Laura pulled the door shut after her, then stood listening to the aria of anguish in Crenshaw's office. She hurried back to her desk to call Larry. What a day to call in sick.

Larry didn't answer the phone. Dark thoughts went through her mind. If he wasn't in his loft, where had he called from? Her phone rang and she snatched it up.

“Larry?”

“Get Detective Stewart out here,” Crenshaw said in a strangled voice. Mrs. Izquierdo's wailing was twice audible, from down the hallway and, more piercingly, over the phone. “And you come in here. Now!”

Throughout the next half hour, Laura was registering everything in order to tell Larry. She managed to calm down Mrs. Izquierdo, more or less, but Crenshaw was determined to get the banshee out of there. No one downtown knew where Jimmy Stewart was.

“Laura will take you down there,” Crenshaw said. “You shouldn't be alone.”

Mrs. Izquierdo was in phase two of her confused grief. Laura got into her coat; Crenshaw actually helped her.

“Take my car,” he urged, pressing the keys into her hands. Laura took them.

With relief in sight, Crenshaw in shirtsleeves helped her get the woman out to his car. There was a Hummer parked in the middle of the street, its motor still running.

“Who the hell put that there?” Crenshaw roared.

“That's mine.”

“No problem.

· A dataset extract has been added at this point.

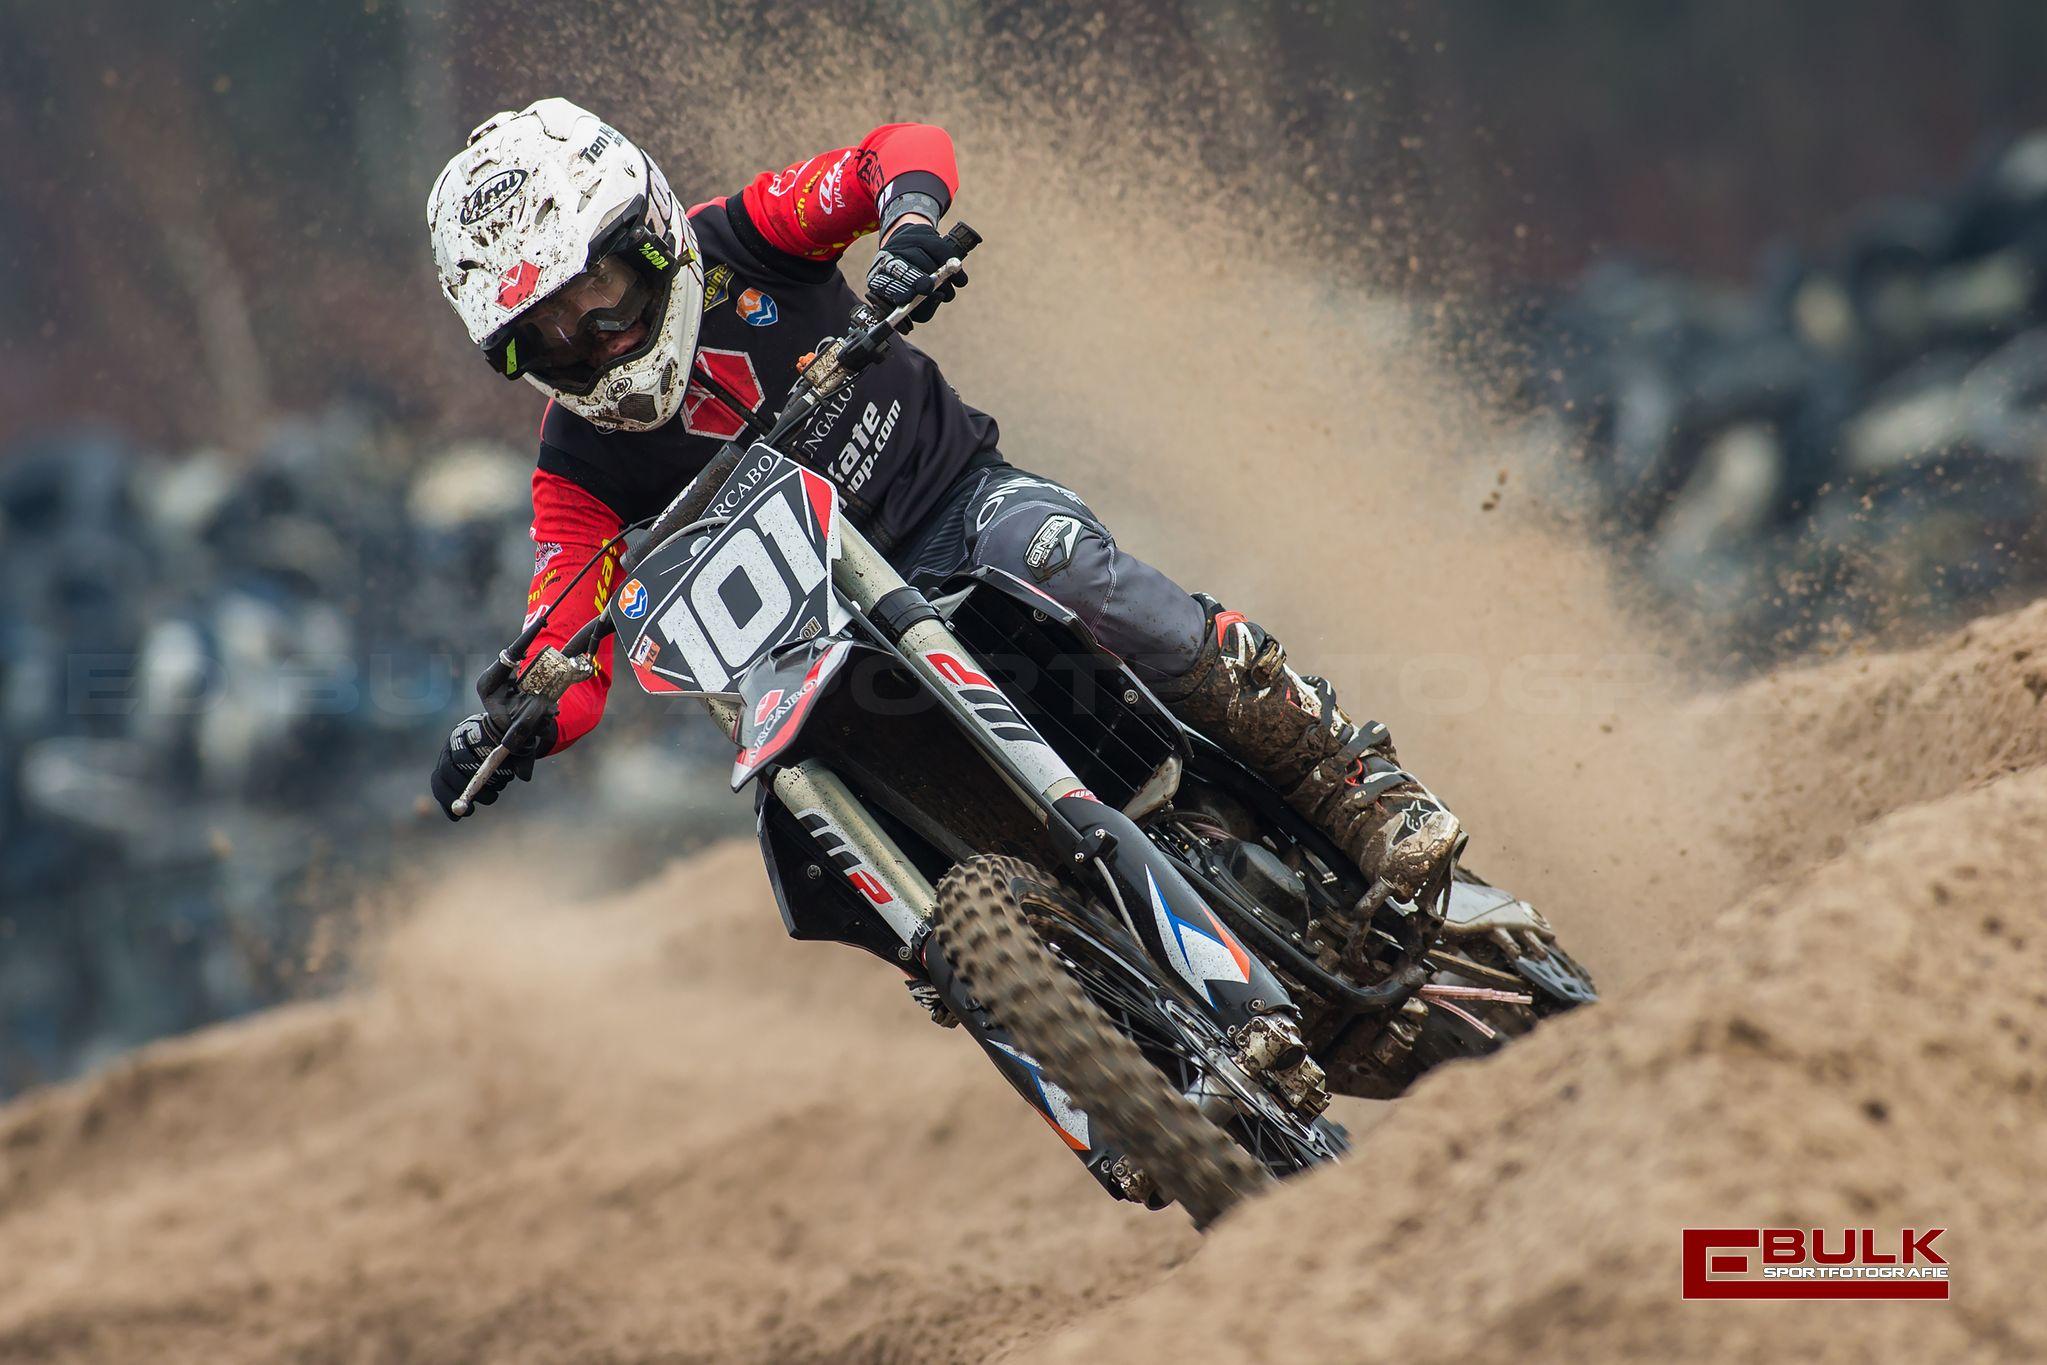 eebs0294-ed_bulk_sportfotografie

I'll take care of it.”

When she was in the passenger seat, Crenshaw slammed the door and then stood there hugging himself with the stupidest expression on his stupid face. Laura started the car and, even before she left campus, turned on the siren. It was either that or face the woman's questions.

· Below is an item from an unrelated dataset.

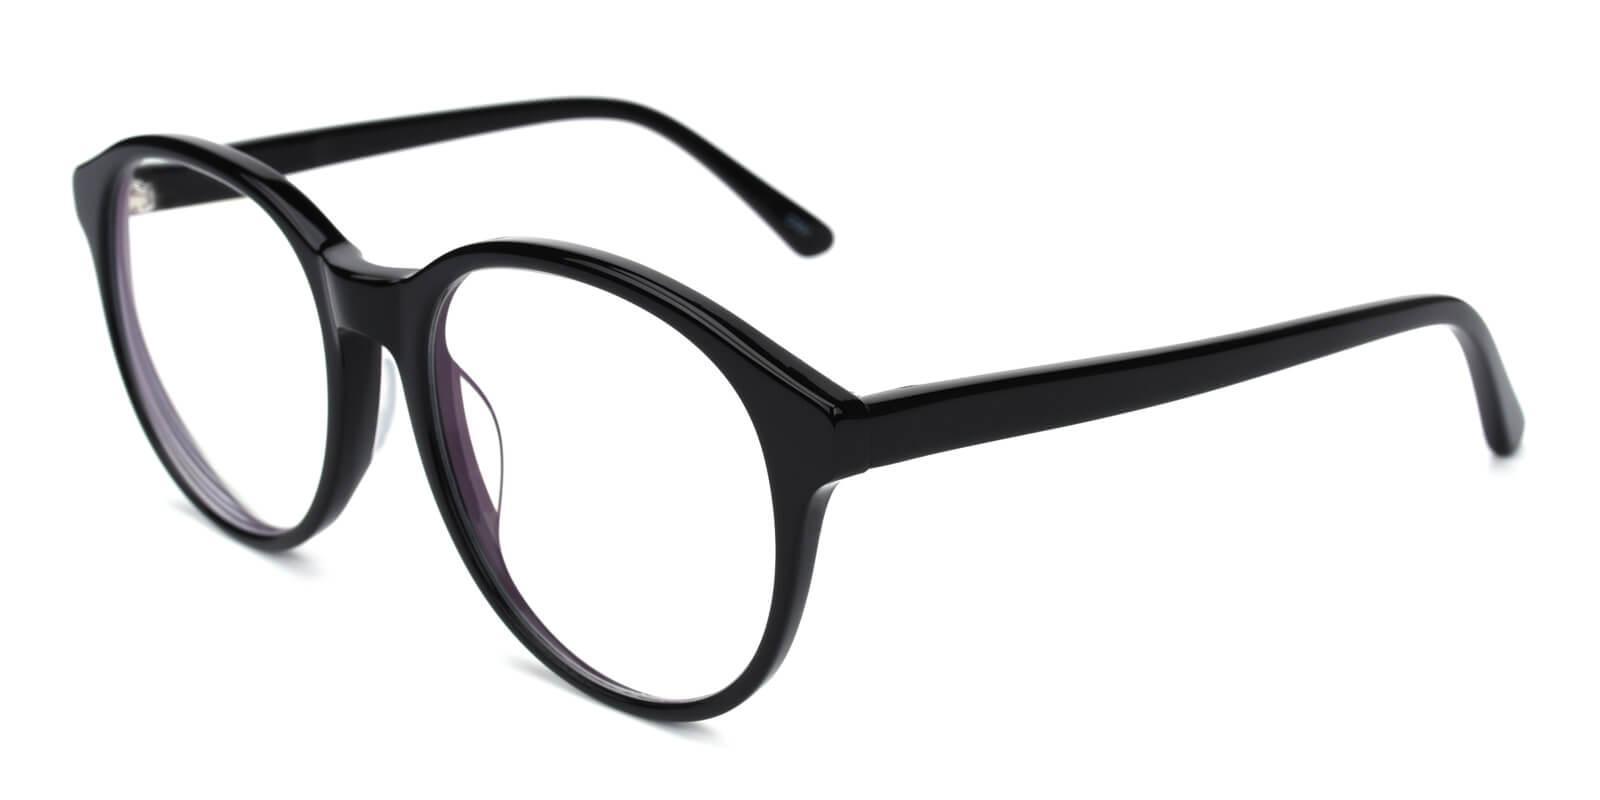 Bellona-Black-Round-Acetate-Eyeglasses-detail

“You said he was murdered.” She looked at Laura as if she had confessed to the crime.

“The police will explain everything.”

“The police. You're the police.”

Laura turned up the volume of the siren and with lights flashing sped downtown, ignoring the icy streets, liking it as cars pulled off to the side to let her through. There was a near miss as she tore through a red light when a car braked and then began to slide sideways through the intersection. Laura went into a slide herself but regained control. This had the effect of subduing her passenger.

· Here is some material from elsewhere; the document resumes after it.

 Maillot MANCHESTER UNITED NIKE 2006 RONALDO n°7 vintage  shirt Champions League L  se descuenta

When she pulled into the parking lot downtown, she had trouble bringing the car to a stop on the icy surface. It slid slowly into a snowbank and came to a halt, killing the motor. The siren kept going and she had trouble stopping it. When they got out of the car, Mrs. Izquierdo was more or less under control. Laura led her like a zombie inside.

“Homicide,” she announced to the cop on duty. How did a fatso like that pass the physical? She pushed the thought away. “This is Mrs. Izquierdo, whose husband was found in his office on campus.”

It was the new widow's cue to begin shrieking again. That was okay with Laura. She felt a bit like shrieking herself.

The next half hour or so was a confusing period. No one seemed to know of the murder on campus. Laura asked if they knew Detective Stewart. Of course they knew Detective Stewart. Well, this was his case, and this woman wanted someone in charge to tell her what had happened.

A tall man in a corduroy jacket with a Burberry coat over his arm, lining displayed, rose from a chair and became the voice of reason. He spoke soothingly to Mrs. Izquierdo; he stopped Laura when she headed for the door.

“Wait. I want to talk to you.”

She waited. Finally the chief showed up. He knew less of what had happened than Mrs. Izquierdo, so Laura had to explain it to him, and to the man in the corduroy coat, while the horrified widow listened in.

“Where the hell is Stewart?” the chief demanded. “Get hold of Stewart.”

Minions fled to carry out this order. The man in the corduroy jacket took Laura back to the reception area, got her seated, and brought her a cup of coffee. When he sat, he was holding a tablet. He licked the tip of his pencil.

“From the beginning.”

All this was bearable because it was a story she was going to tell Larry. It was a strange interview, full of the oddest questions. Tell him all about Professor Izquierdo. Was he the campus atheist? Yes, yes, and the other day someone set his car afire. Her interviewer took this down eagerly.